I want to see a 250z go into production. 

Preferably with a small body (2 seater) t-top anyone?


----------



## UnderDog (Jul 14, 2002)

Like where they drop a QR25 in it instead of a VQ35, a la the Altima? Something tells me it would take away from the stigma and prestige of the Z car putting such a small engine in it and turn it into a glorified Sentra Spec V.

That's just my $0.02


----------



## DropD (Oct 12, 2002)

What about a 250SX?

Based on the Silvia S15? Or just a 2-place FWD coupe version of the Spec-V, available topless.

Makes perfect sense


----------



## OPIUM (Aug 18, 2002)

UnderDog said:


> *Like where they drop a QR25 in it instead of a VQ35, a la the Altima? Something tells me it would take away from the stigma and prestige of the Z car putting such a small engine in it and turn it into a glorified Sentra Spec V.
> 
> That's just my $0.02 *


 That would kill the "Z" legacy allright


----------



## Ninety-Nine SE-L (May 5, 2002)

I wanna see a 3.0L in line 6, RWD vehicle come around like a 300*sx* that would look even more stunning than the s15 silvia (if that's even possible). That would be a car I'd like to check out.
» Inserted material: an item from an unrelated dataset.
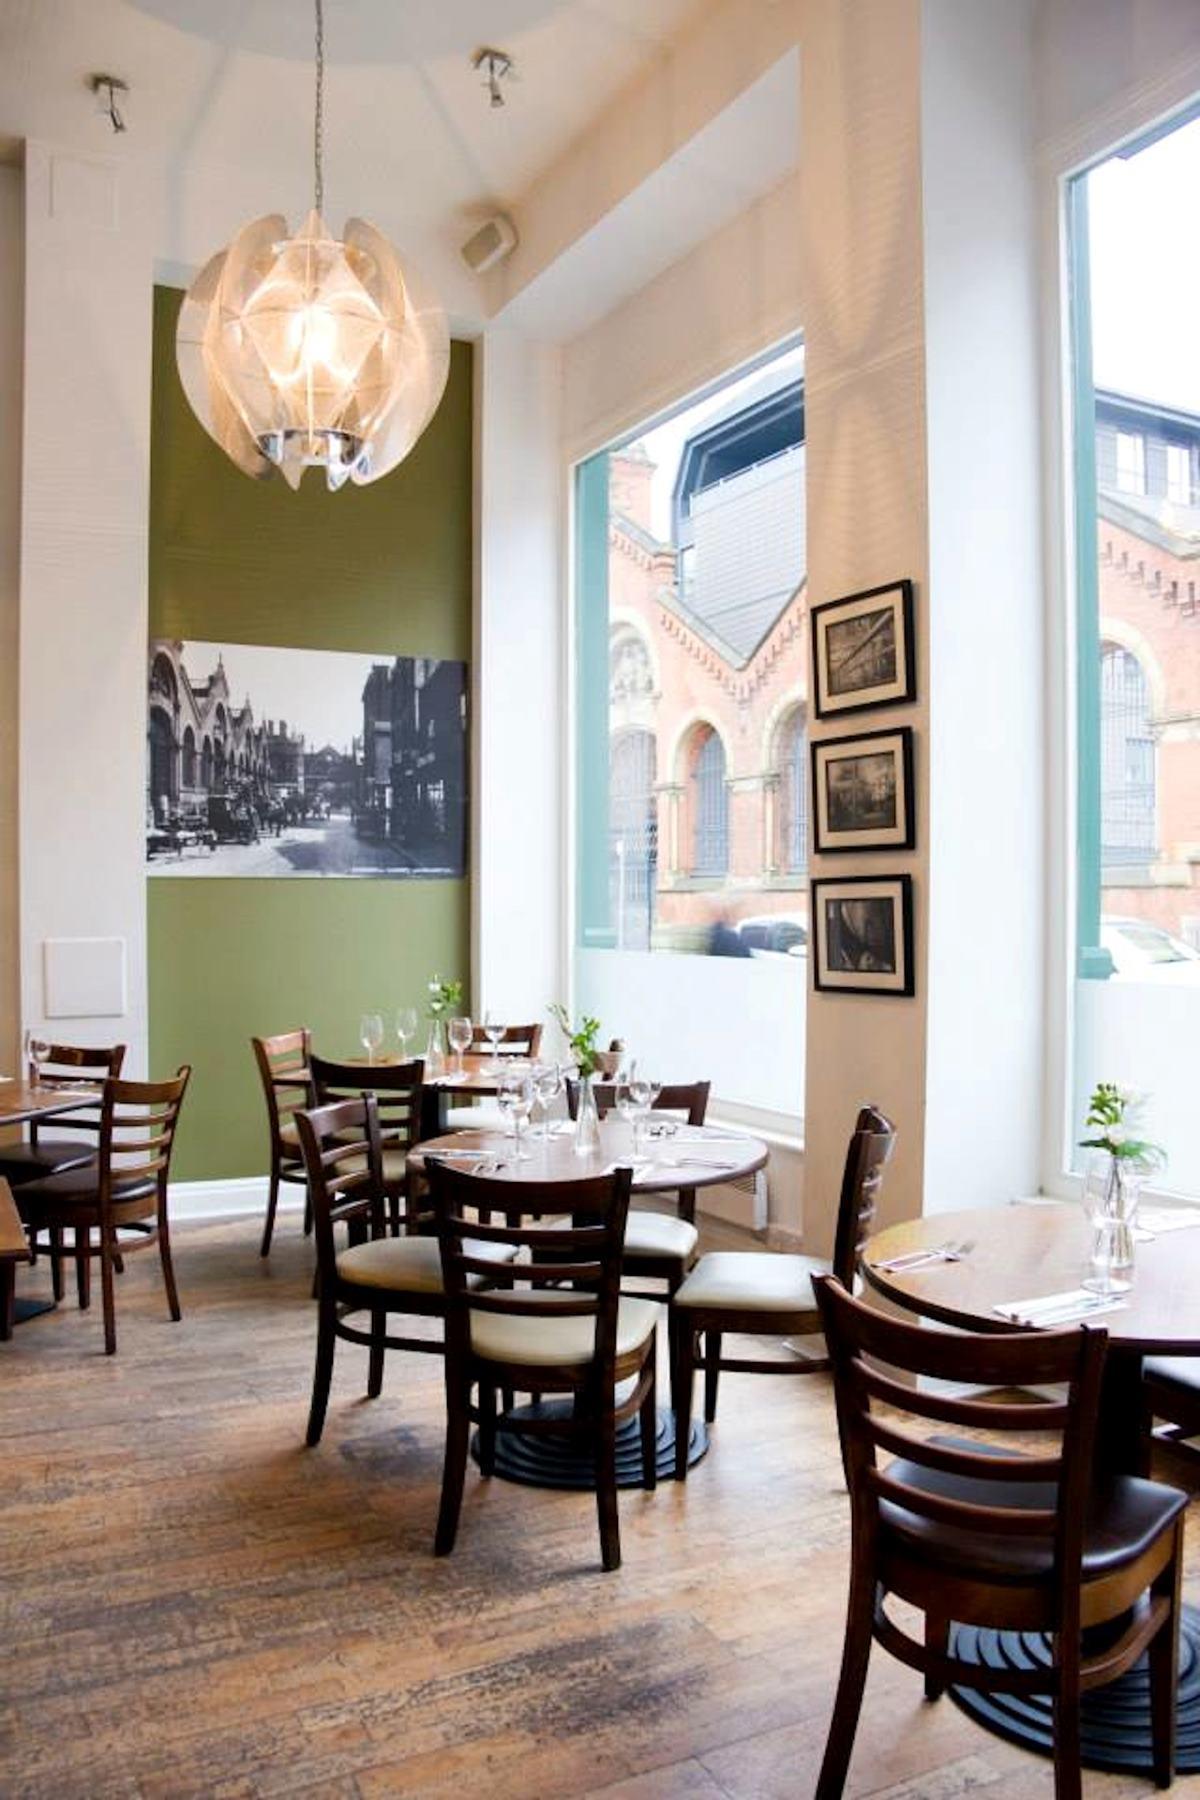 Exclusive Hire, The Northern Quarter Restaurant And Bar photo #1

or a RWD 2.5L 250sx. maybe even turbo


----------



## se7enty7 (Jun 18, 2002)

no no no
new body style.

I want a cheap, 2 seater (possibly), SMALL car. I think that nissan needs a smaller car. sentra - 4 door. 350z - too big imo,


small car with tight suspension, fast, but focused more on suspension


----------



## Rain-Xx (Jul 29, 2002)

Re-make the Pulsar/EXA with an updaded look and a bigger engine!!  Ehehhe!! Come on people, stop laughing! It was small, two door and T-top! Oh well... I like my car too much.. I'll go sit in the corner now.


----------



## rios (Jun 10, 2002)

they should makea two seatert top using teh sntra se r's as the baseof te platform,put a turboed qg18dein itand makeit lighetr andsomewhat smaller than the se r. heheh. that would rule
or teh same,except a turboed qr25de.and it could be callewd pulsar.....or maybe (insert numeral here)SX


----------



## nx2k (Aug 4, 2002)

i'd like to see a SR20VE pulsar stateside


----------



## blueboost (Jul 25, 2002)

I'm sure Nissan will kill the "z" legacy all on there own without anyone's help. 

In my opinion they already did when they released that ugly a$$ thing.

I want a [email protected]#king S15 Silvia.

Had to vent. I've been doing that on this forum a lot lately and it's cause Nissan constantly pisses me off. They always fall short of the mark lately.


----------